**Try it**
The result should be an exact copy of only the lines from the one with "Monte Carlo Fan" through the last line of the data below, with pictures omitted.

**Provided data**
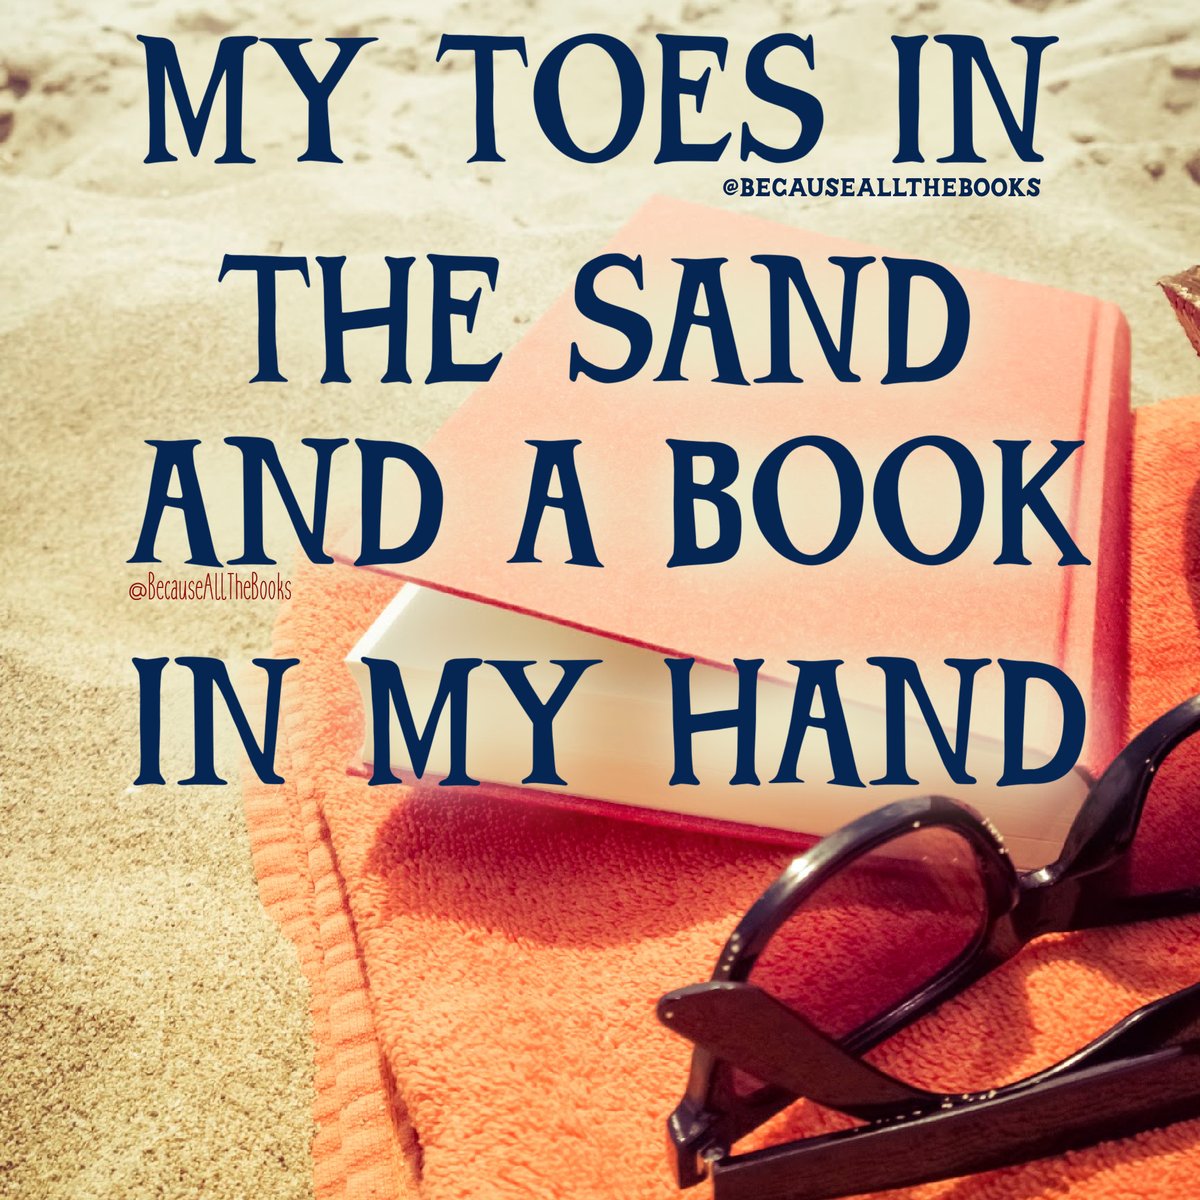 Two things I seriously need right now!

#BecauseAllTheBooks #BeachRead #BeachReads #BeachReading #VacationReading
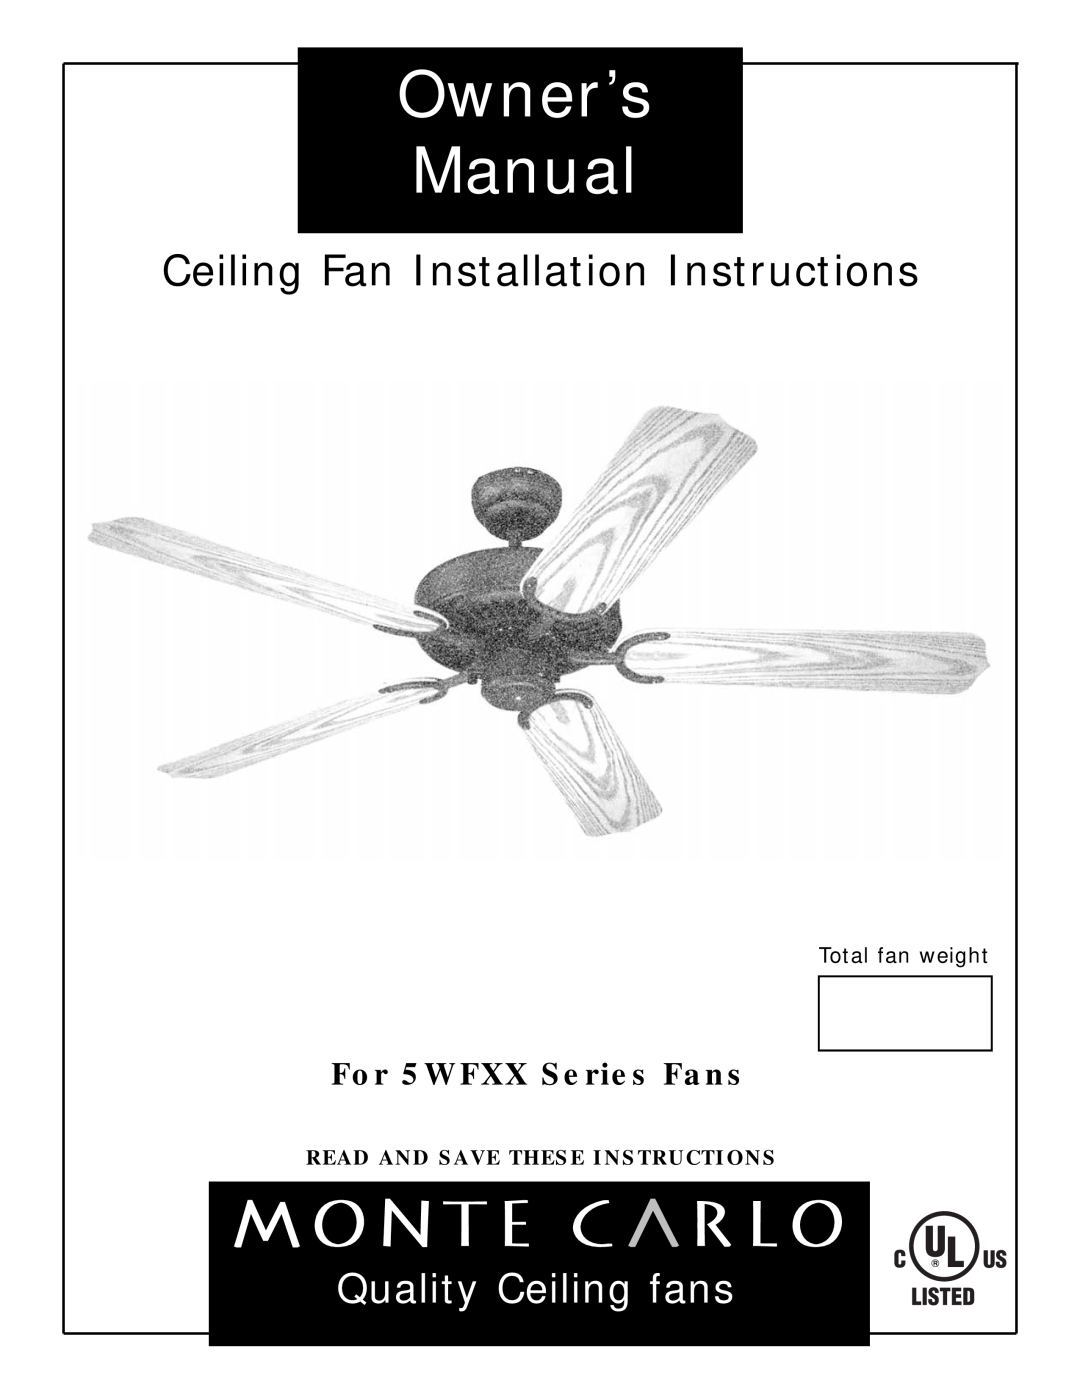 Monte Carlo Fan Company owner manual For 5WFXX Series Fans, Total fan weight, Read And Save These Instructions 
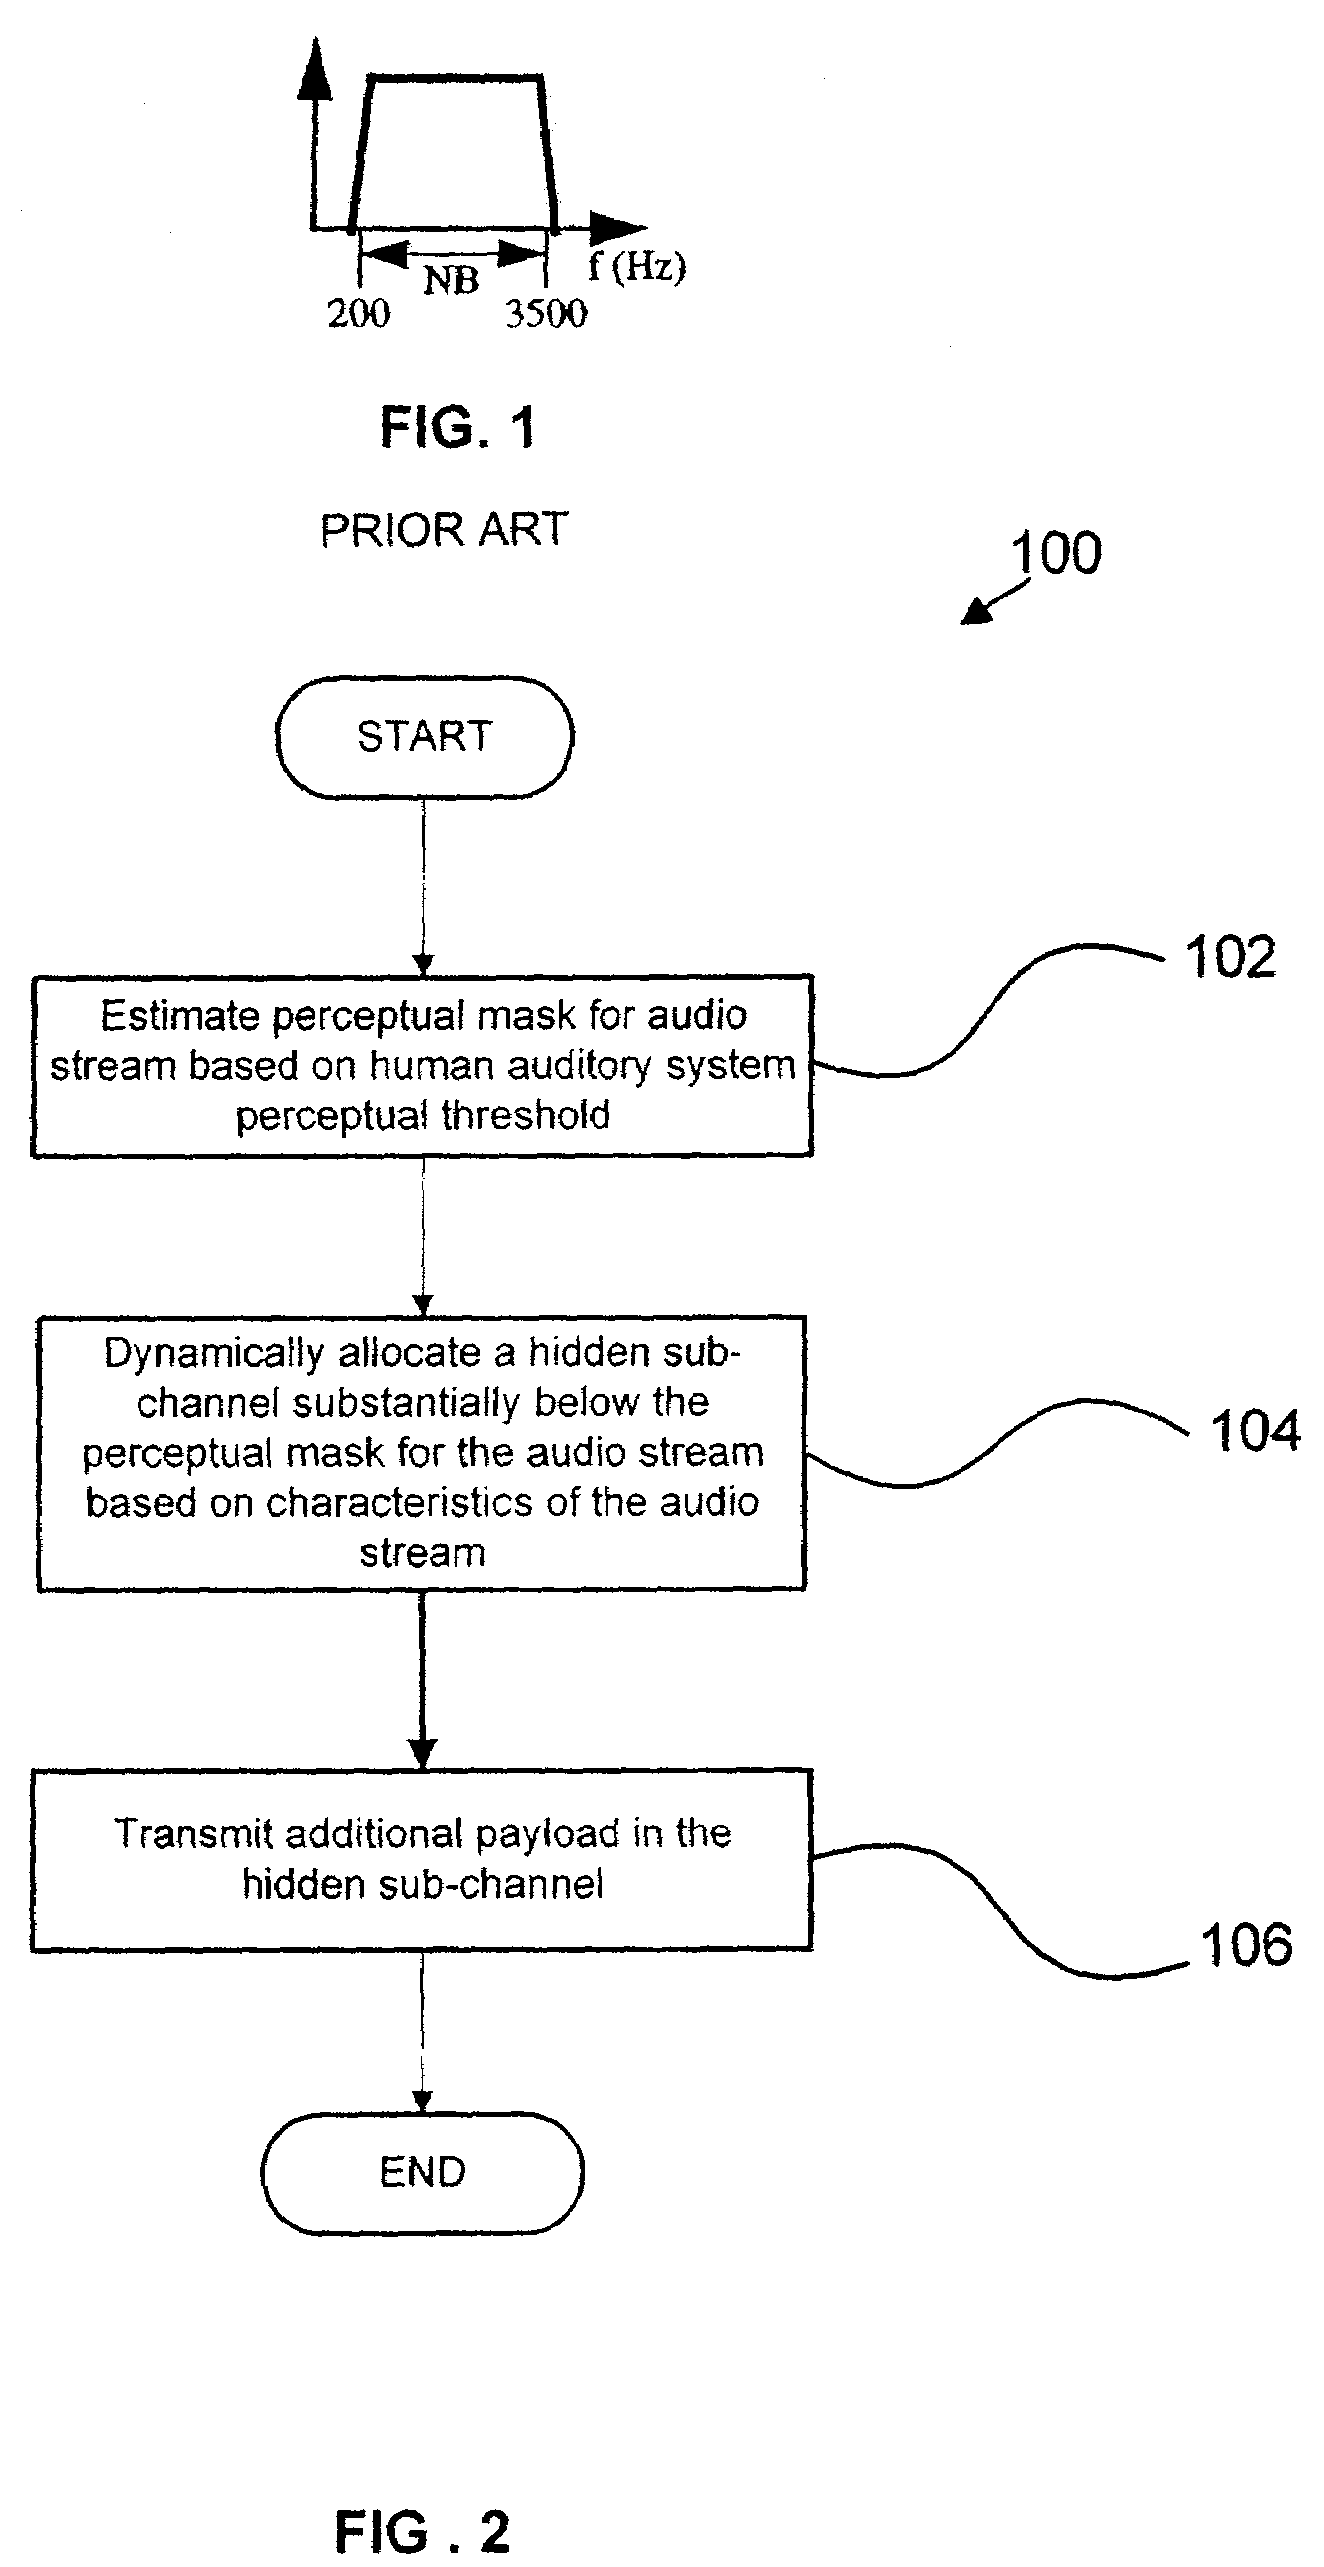 Method and apparatus for transmitting an audio stream having additional payload in a hidden sub-channel

**Answer**
 Monte Carlo Fan Company owner manual For 5WFXX Series Fans, Total fan weight, Read And Save These Instructions 
 Method and apparatus for transmitting an audio stream having additional payload in a hidden sub-channel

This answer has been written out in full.